From experience the 350Z will edge out the S2K. But it really depends on drivers.


----------



## CantWaitTillIdrive (Apr 28, 2006)

wow really? doesnt the s2000 have like 9k rpm and 350z only like 6.5k?


----------



## chimmike (Oct 17, 2002)

rev limit has absolutely NOTHING to do with power, weight, or drivers.

why would you say something like that?

that race is a total drivers race. And, I'm guessing you're not that great a driver.


----------



## CantWaitTillIdrive (Apr 28, 2006)

lol. im only 14. thats why my name is what it is. Im trying to choose now so i can start saving up and it took me quite a while to choose an airsoft gun 2 1/2 years i think so i thought id start choosing a car now.


----------



## Asleep (Jan 19, 2003)

lol, you do mean at the track right? i think at the track, since its only 1/4 mile long, the edge would go to the 350z. the 2003 350z gets 14.1 according to the site i googled. the s2000 gets a 14.4. 
a typical drivers race. the tq from the vq should be enough to make up for any slight mistakes, but not by much.


----------



## CantWaitTillIdrive (Apr 28, 2006)

ohhhhh...whats the difference between the 03' version and the 06' at the track?


----------



## chimmike (Oct 17, 2002)

06's have more hp but less tq and it basically evens out, especially because the newer models are heavier.


----------



## Nissan_3_50Z (Jun 16, 2006)

hm...i never knew that....let me check that out.



chimmike said:


> 06's have more hp but less tq and it basically evens out, especially because the newer models are heavier.


----------



## jblaze1999 (Jun 19, 2006)

I lost to an S2000 in my 1990 300zx twin turbo. That was the night I killed my engine. I still have that car but now I have a 350z so I can't wait for a rematch with an S2000.


----------



## VEX (Jun 19, 2006)

New Zed have 300hp, but 10nm less ( old 363, new 253 nm ) and have 0.1 sec better 0-60 time ( 5.9 old, 5.8 new ) . And now its a 7k rpm car

Duno if he is gonna be heavy-er, think not, cause its only a minor mods on a car ( led ligts behind, some different switches inside


----------



## chimmike (Oct 17, 2002)

the 06 Z's are heavier by nature, the newer the Z, the heavier it is. All the 03 models were the lightest of the bunch according to trim level.


----------



## Spongerider (Nov 18, 2002)

jblaze1999 said:


> I lost to an S2000 in my 1990 300zx twin turbo. That was the night I killed my engine. I still have that car but now I have a 350z so I can't wait for a rematch with an S2000.

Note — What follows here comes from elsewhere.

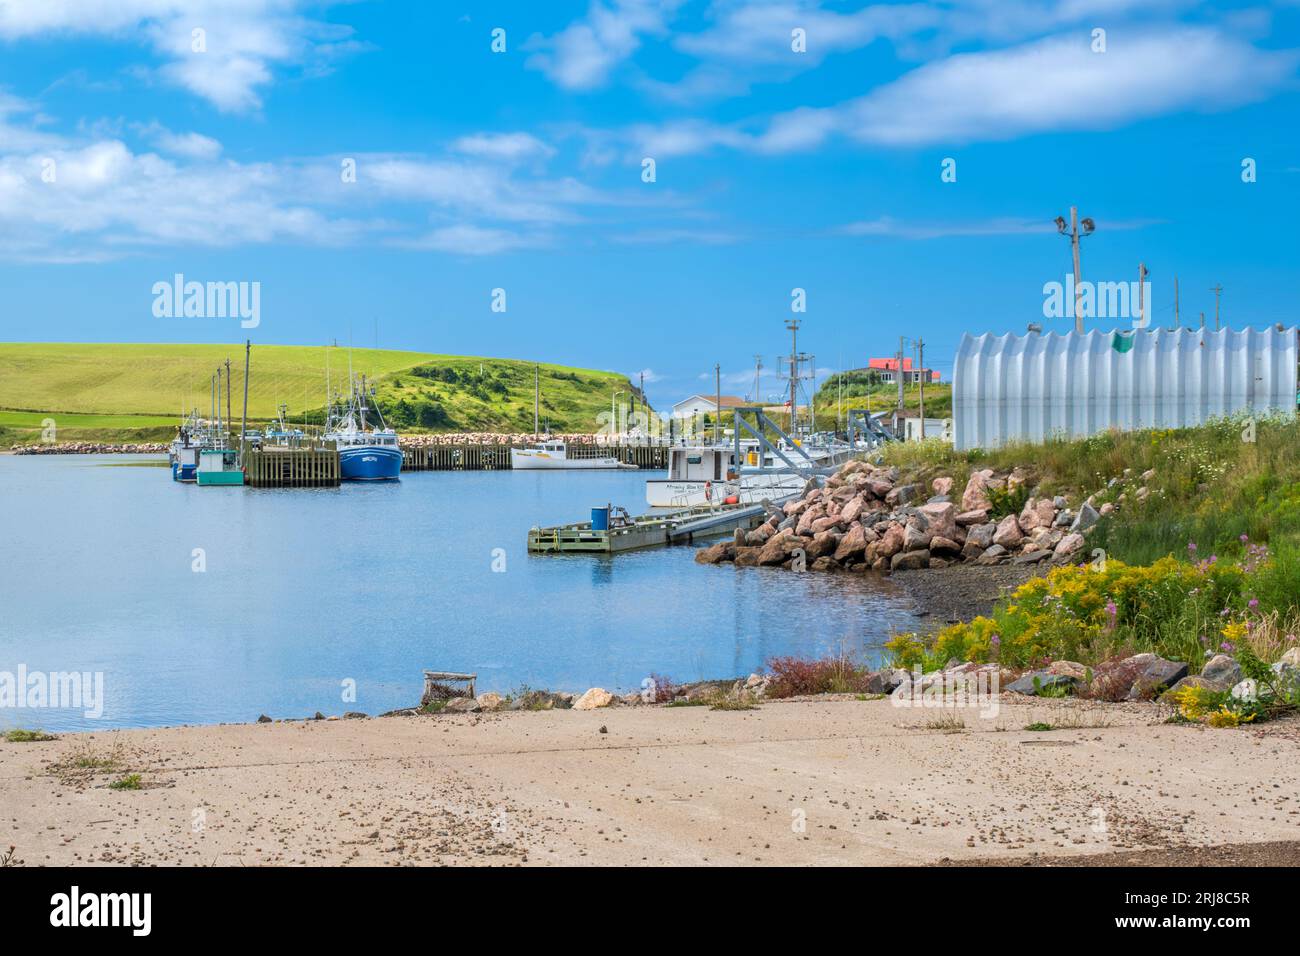 Bay St Lawrence è un piccolo villaggio di pescatori sulla punta settentrionale dell'isola di Cape Breton. Il villaggio ha un porto molto pittoresco con barche colorate Foto Stock
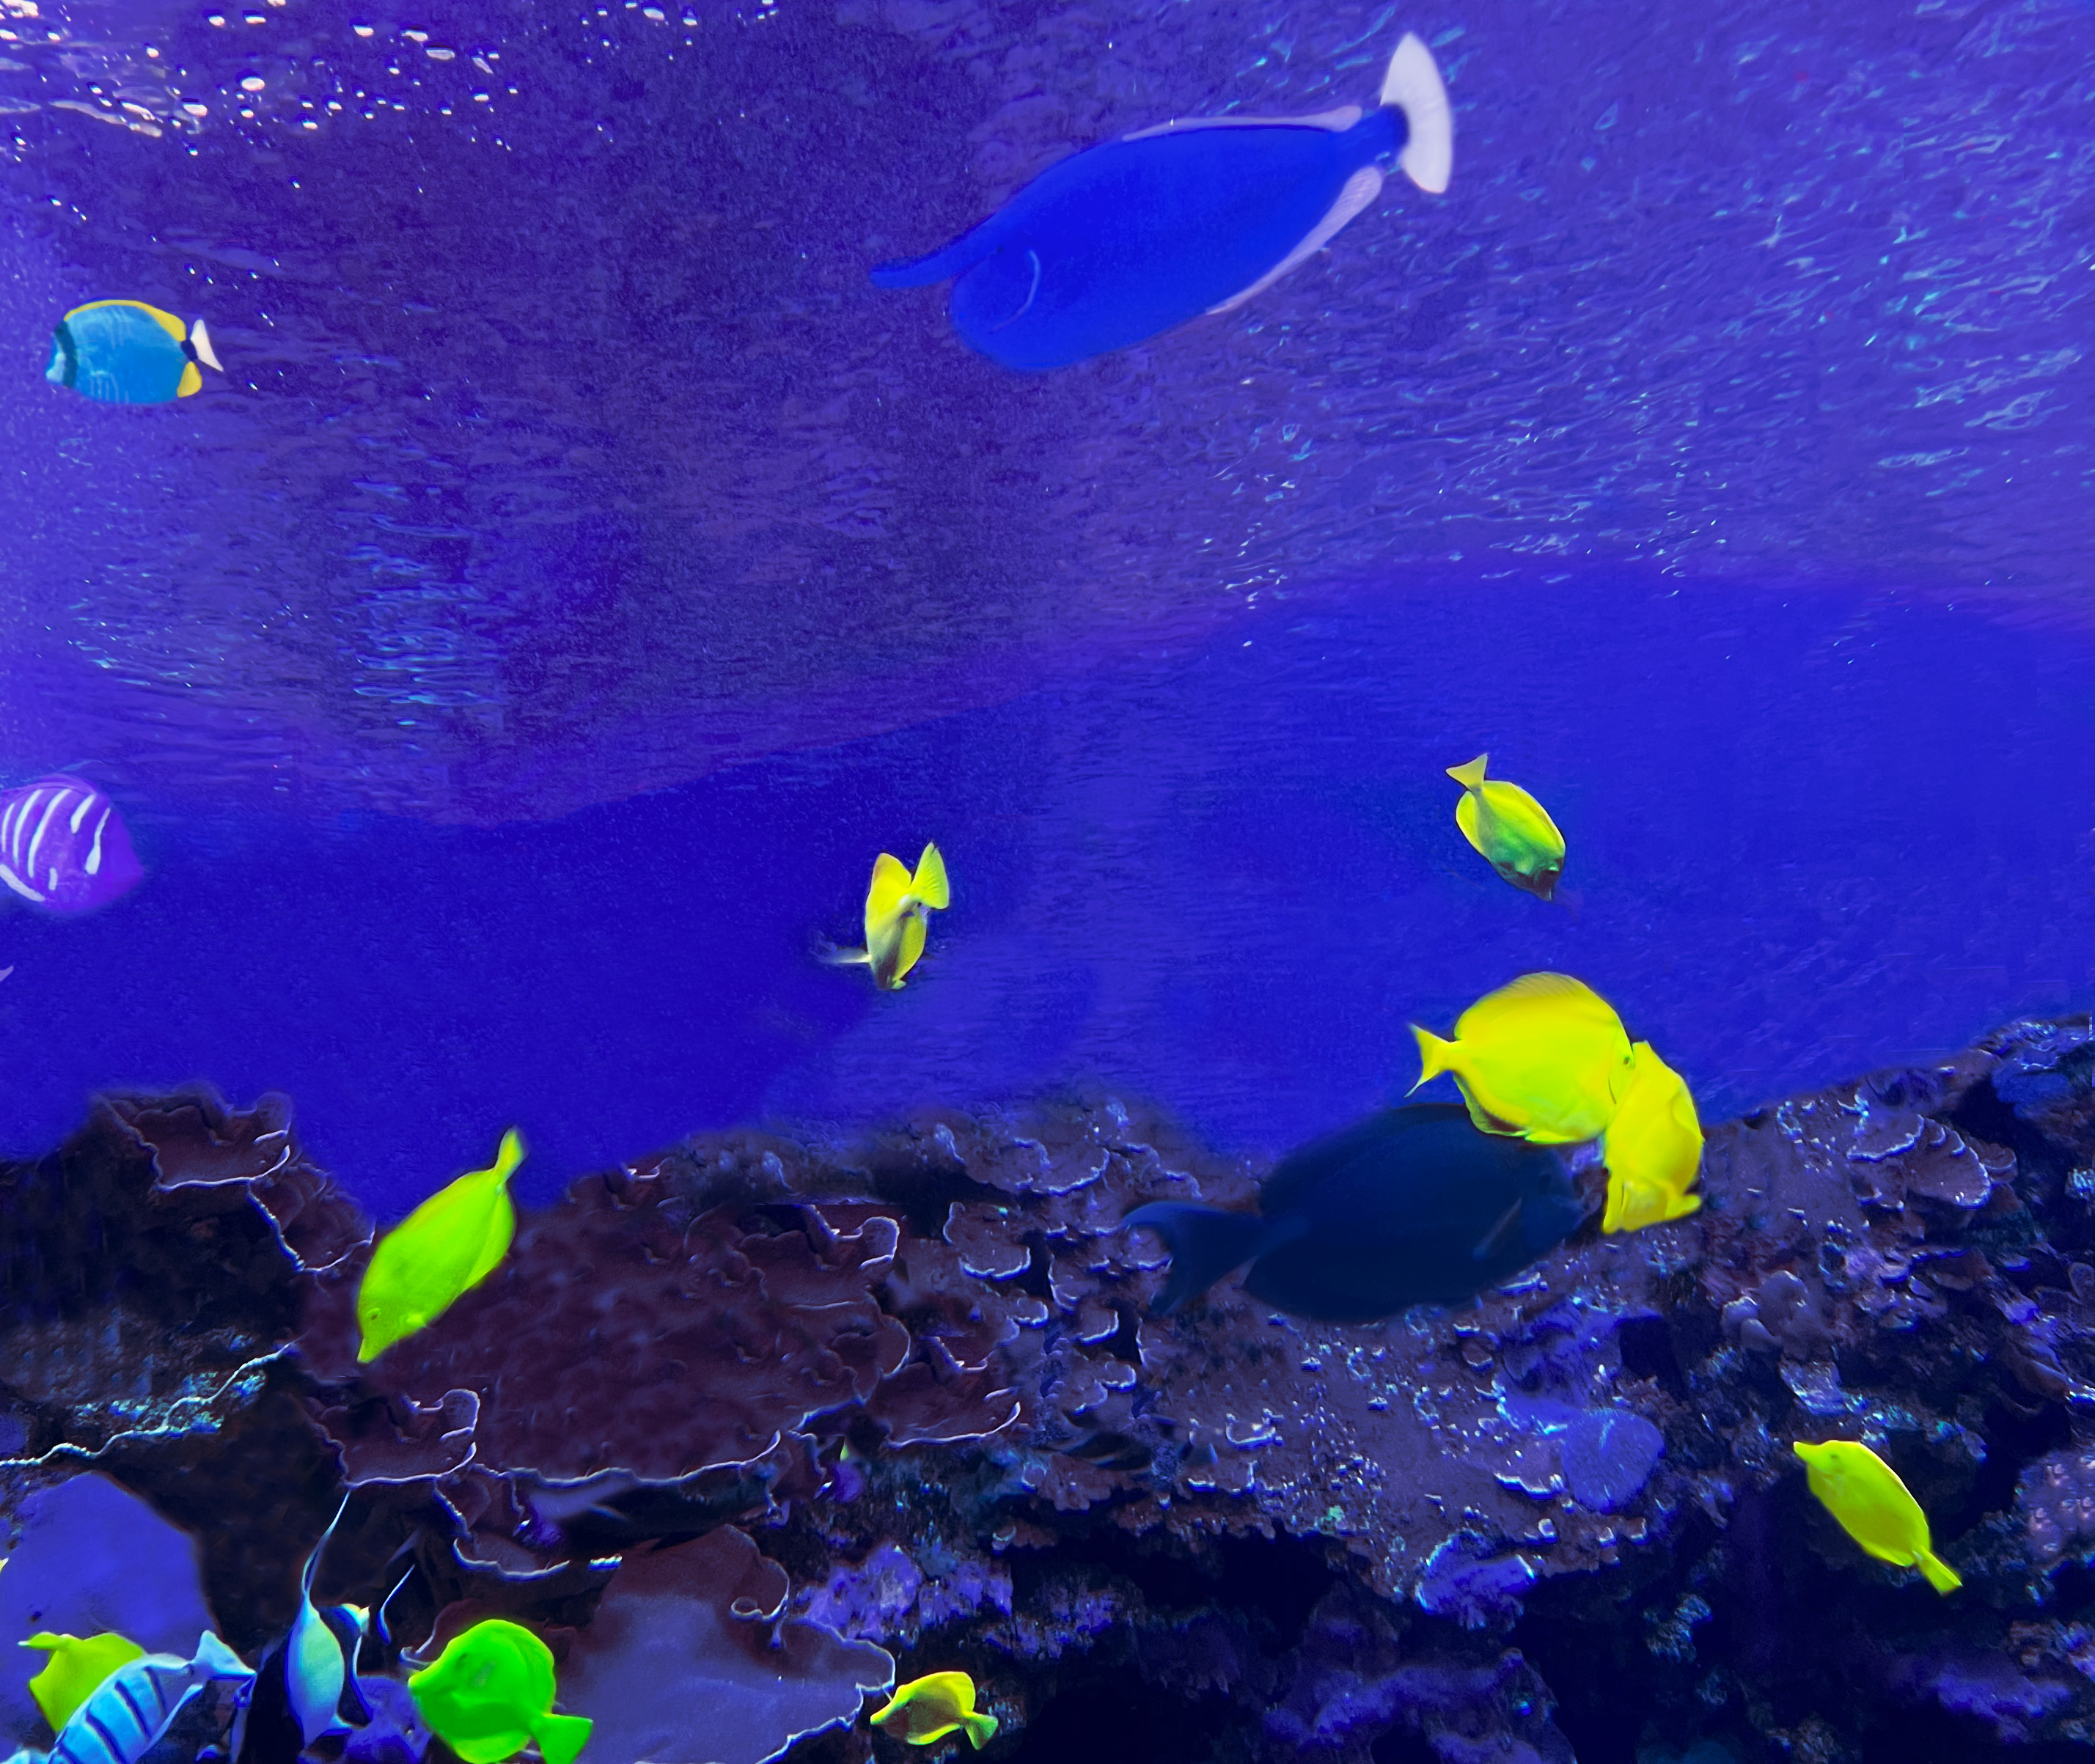 The Maui Aquarium

That is because your engine was not healthy. For the rest of you guys do not talk about _street racing _or I'll have to shut this thread down, sorry but that is the forum rules.


----------



## CantWaitTillIdrive (Apr 28, 2006)

so even though the newer versions are heavyer they're faster by .01 secs on 1/4?


----------



## dmroberson (Jun 24, 2004)

chimmike said:


> 06's have more hp but less tq and it basically evens out, especially because the newer models are heavier.


Chimmike answered that one already. Yes, the newer Z's are still slightly faster, even though they are heavier, because their power was increased to compensate for the added weight.


----------



## chimmike (Oct 17, 2002)

CantWaitTillIdrive said:


> so even though the newer versions are heavyer they're faster by .01 secs on 1/4?



this is less attributable to the car and moreso to the driver. Get an equivalent driver in both cars and he'll pull the same times in both. It's not really proven that with bolt ons that the revup even traps higher.


----------